Concertreview: Rone op Rock Werchter 2018
Elektronica op Werchter? Magere oogst dit jaar, en met Rone hadden ze niet het allerscherpste potlood uit de doos gehaald. Maar wél mooi binnen de lijntjes gekleurd.
Het is altijd opletten geblazen met slaapkamerproducers, maar kijk: Erwan Castex, alias Rone, had voor Rock Werchter z’n besmeurde Kleenexjes netjes opgeruimd en een vers T-shirt aangetrokken. In een decor dat een futuristische grootstad verbeeldde – zijn jongste plaat heet Mirapolis – trok de in Berlijn residerende Fransman zijn KluB C-set op gang met euforische bliepjes, alsof hij een nieuw stratenplan ontwierp voor de Kraftwerk-classic ‘Metropolis’.

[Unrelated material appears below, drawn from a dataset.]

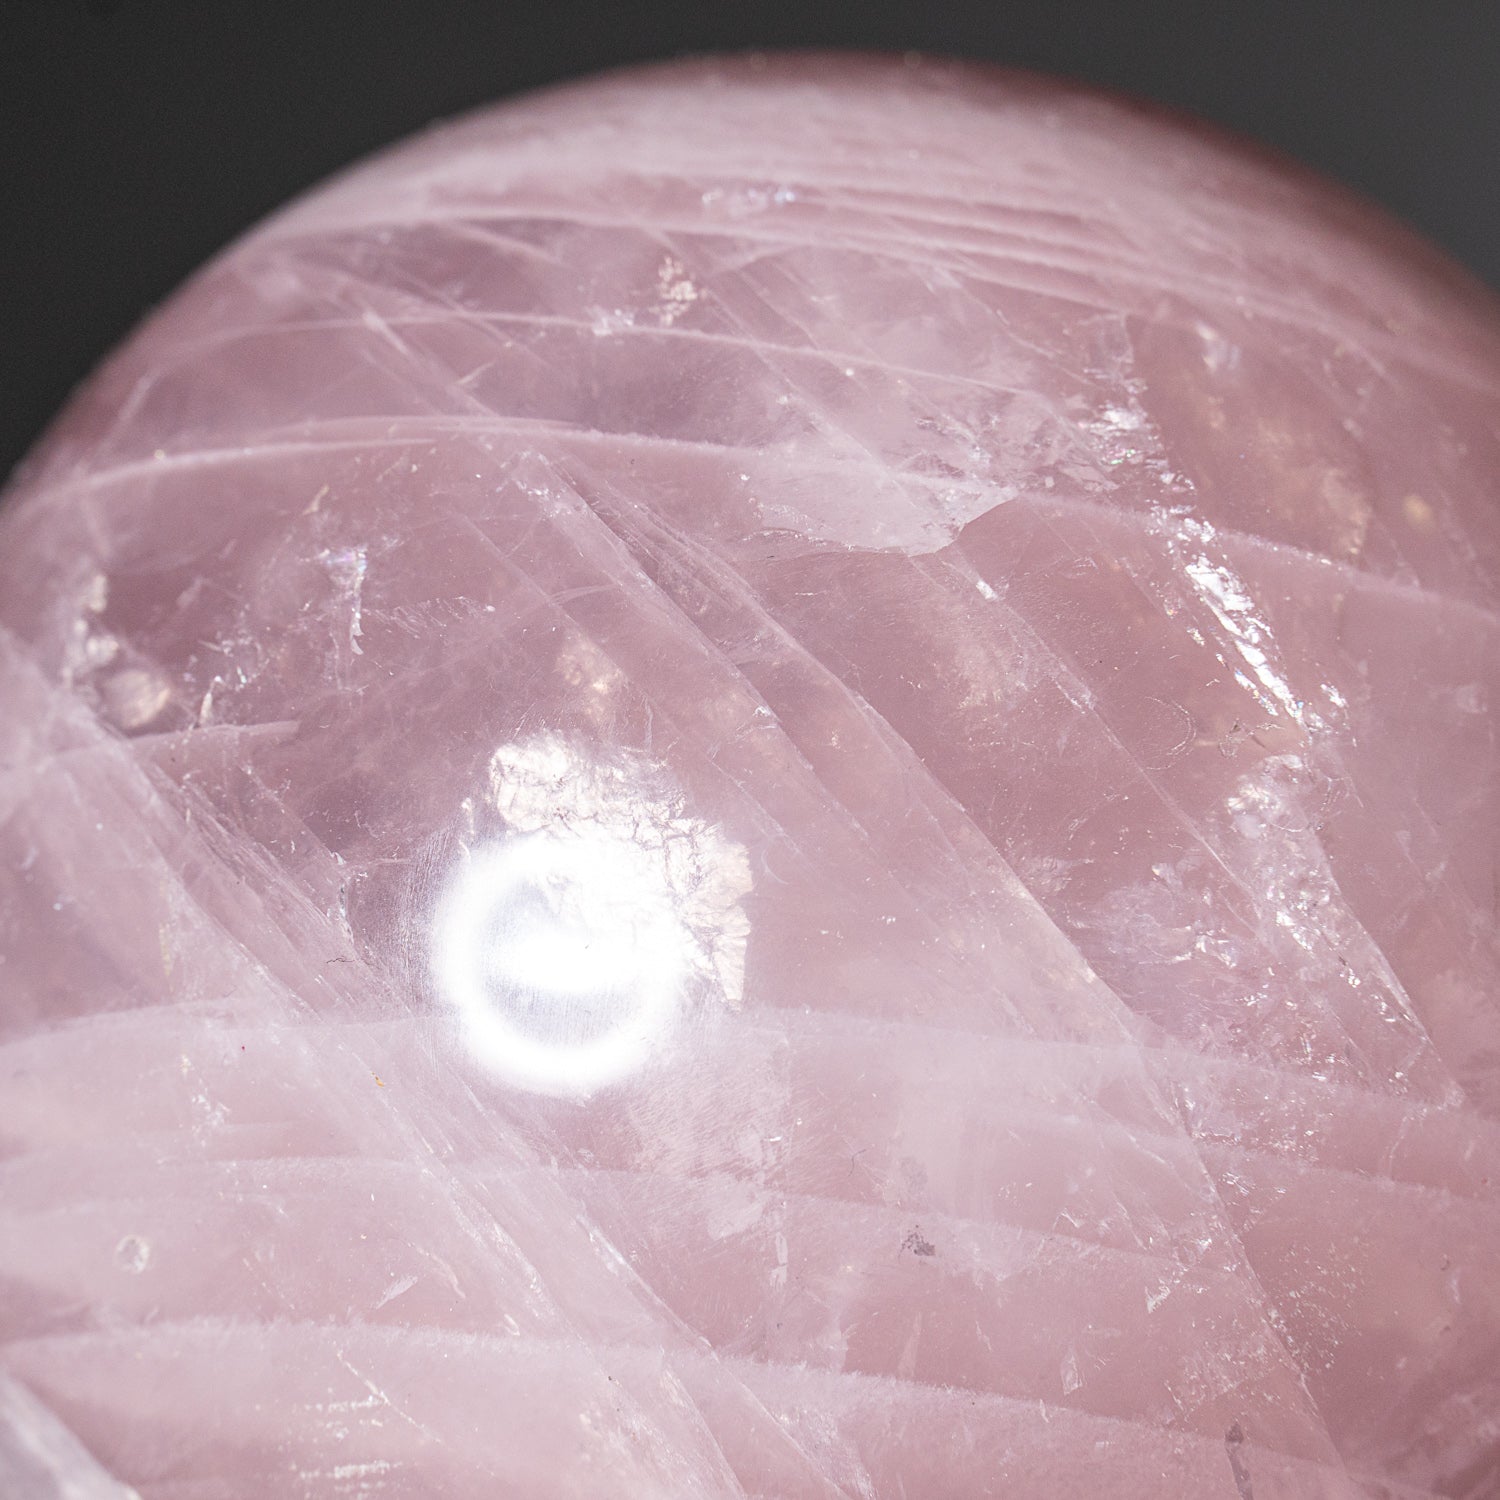 Polished Rose Quartz Sphere from Madagascar (2.2 lbs)

Vijf minuten later waren we al kopje-onder gegaan in Underworld-achtige klanken, verdwaald in de ‘Midnight City’ van M83 en ervandoor gesjeesd op de motor uit de videoclip bij Ken Ishii’s techno-evergreen ‘Extra’. Van een blitzstart gesproken.
“Just let you know I’m down”, zong Kazu Makino van Blonde Redhead even later van op een digitaal bestandje. Ze bedoelde het vast anders, maar het klonk helaas alsof ze in hetzelfde dipje zat waarin Rones set was beland. Moederziel alleen stond hij daar op pads te slaan en aan knoppen draaien, terwijl hij op plaat in haast elke song wel iemand voor zijn kar weet te spannen.
undefined
Jammer dat bijvoorbeeld John Stanier, de briljante drummer van onder meer Helmet en Battles, er deze keer niet bij was om het energiepeil op te krikken. En zonder kleurrijke belichting zag dat decor er toch ook maar van bordkarton uit.
Knisperend spek
Beterschap kwam er toen Castex een kraakheldere technobeat serveerde, knisperend als het gebakken spek dat Laurent Garnier bij zijn ontbijt neemt. De man haalde naar eigen zeggen inspiratie bij het experimentele label Warp, dat onderdak biedt aan onaangepaste types Aphex Twin en Autechre. Kan zijn, maar wij denken dat Richard D. James mannetjes als Rone grijnzend tussen zijn boterham legt nadat hij er eerst met zijn tank over is gereden.
undefined
Soit, wij misten de spanning van de hierboven genoemde acts, de ijskoude melancholie van Trentemøller of de glasharde agressie van Moderat - groepen met wie Rone vaak wordt vergeleken. Maar met dat oordeel stonden we min of meer alleen, te oordelen naar de euforische hey ho-ow-gezangen die Rone te beurt vielen in KluB C.
Tot hij ons het aan eind alsnog overtuigde met knarsende geluiden, over elkaar struikelende breakbeats en naar een climax klimmende synths. Volgende keer schuiven we hem bij het begin een slijper toe.